叶庭澜负手立于主位之侧,神色是少见的冷肃。江逸卿与苏若瑀分站两旁,其余外门弟子静立阶下,殿内气氛原本庄重而平静。

“砰——”

殿门被猛地推开的声音打破了这片平静。

光影破开殿门,一道素白身影倚在门边。

“沈兴武,梅玄棺是你杀的吗?”

一记厉声质问陡然响起。

众人闻声望去,只见花拾依仅着单薄中衣,衣襟微敞,墨发凌乱地垂落在苍白的颈侧。他虚弱得倚门轻颤,目光却如出鞘之锋,直刺沈兴武手中令牌。

而他身后,丁宁、庄铭与青陶依次站定,神情各异,缄默无声,却立场已明。

满堂目光,霎时齐聚于门边。

空气骤然凝滞。

满堂寂静中,苏若瑀面露诧色,江逸卿先是一怔,随即眼眸半眯,锐利的目光停在花拾依脸上。

高坐明堂的叶庭澜并未出声,只静静看着花拾依一步一顿,脊背却挺得笔直,径直走到沈兴武面前。

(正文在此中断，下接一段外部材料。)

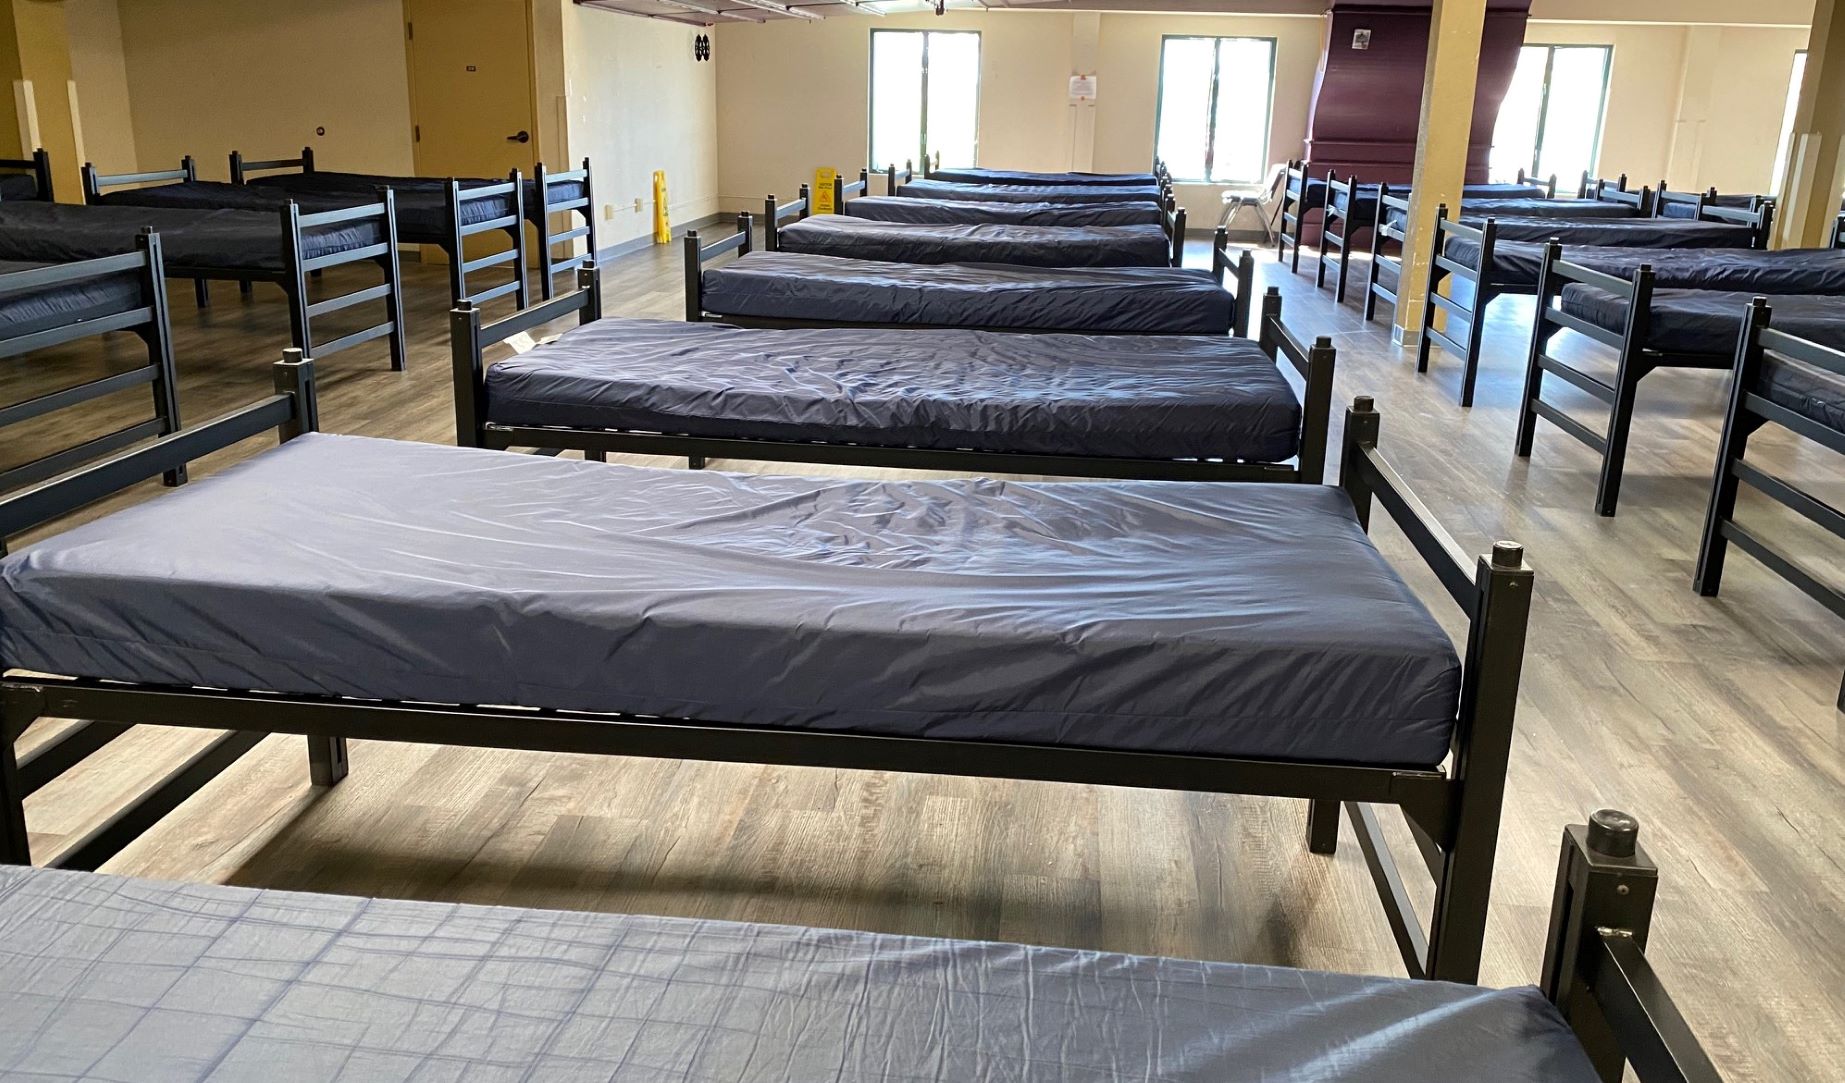 PATH New Beds in women's dorm

“人是你杀的吗?”他向前欺近半步,琉璃似的浅眸浸着水光,眼波横掠时却带着冷芒:“沈兴武,你有这个本事吗?”

字字如冰,砸在沈兴武脸上。

沈兴武脸上青红交错,却死捏着那枚令牌,假装镇定。

第28章 清霄宗留人秘闻

纵使心虚, 沈兴武眼底却硬撑着几分蛮横,扯着嗓子嘶吼:“你凭什么说梅玄棺不是我杀的?拿得出凭证吗?我沈家弟子同心协力绞杀邪修,这份功劳, 谁敢不认!”

话音未落,青陶猛地从人群里挤出来, 小脸涨得通红:

“你撒谎!是花拾依杀的!他力竭晕过去后,是你捡了便宜, 用自己的剑在梅玄棺尸首上补了那几剑, 说是自己杀的……”

“住口!”几名沈家子弟立刻围上来,气势汹汹地打断她, “方才在江师兄面前怎么不吭声?如今跳出来胡言乱语, 定是收了这姓花的好处,特意来污蔑我家公子!”

“我没有……是你们威胁我,说若敢多嘴,便要我性命……”

青陶声音发颤,被几个男人的唾沫星子逼得连连后退, 摇摇欲坠。她本就不善争辩, 此刻被众人围堵指责, 一时语塞, 委屈的泪水瞬间涌满眼眶,顺着脸颊滚落,哭得肩膀都在发抖。

丁宁上前一步, 将她护在身后,抬手轻轻拍着她的后背,声音温缓却带着力量:“别怕,有我们在,慢慢说。”

庄铭见状, 眉峰一挑,上前半步沉声道:“世家弟子的风度,便是恃强凌弱、倒打一耙?真是开了眼了。”

这话如火星落进油锅,沈家子弟顿时炸了锅,你一言我一语地反驳,场面瞬间乱作一团。

花拾依站在原地,捏着拳头,下唇被他咬得发白,泛着湿艳的光。功绩被抢,不是他最在乎的。他最在乎的是那孩子:“阿安呢?你从梅玄棺那里带走的孩子,找到他父母了吗?”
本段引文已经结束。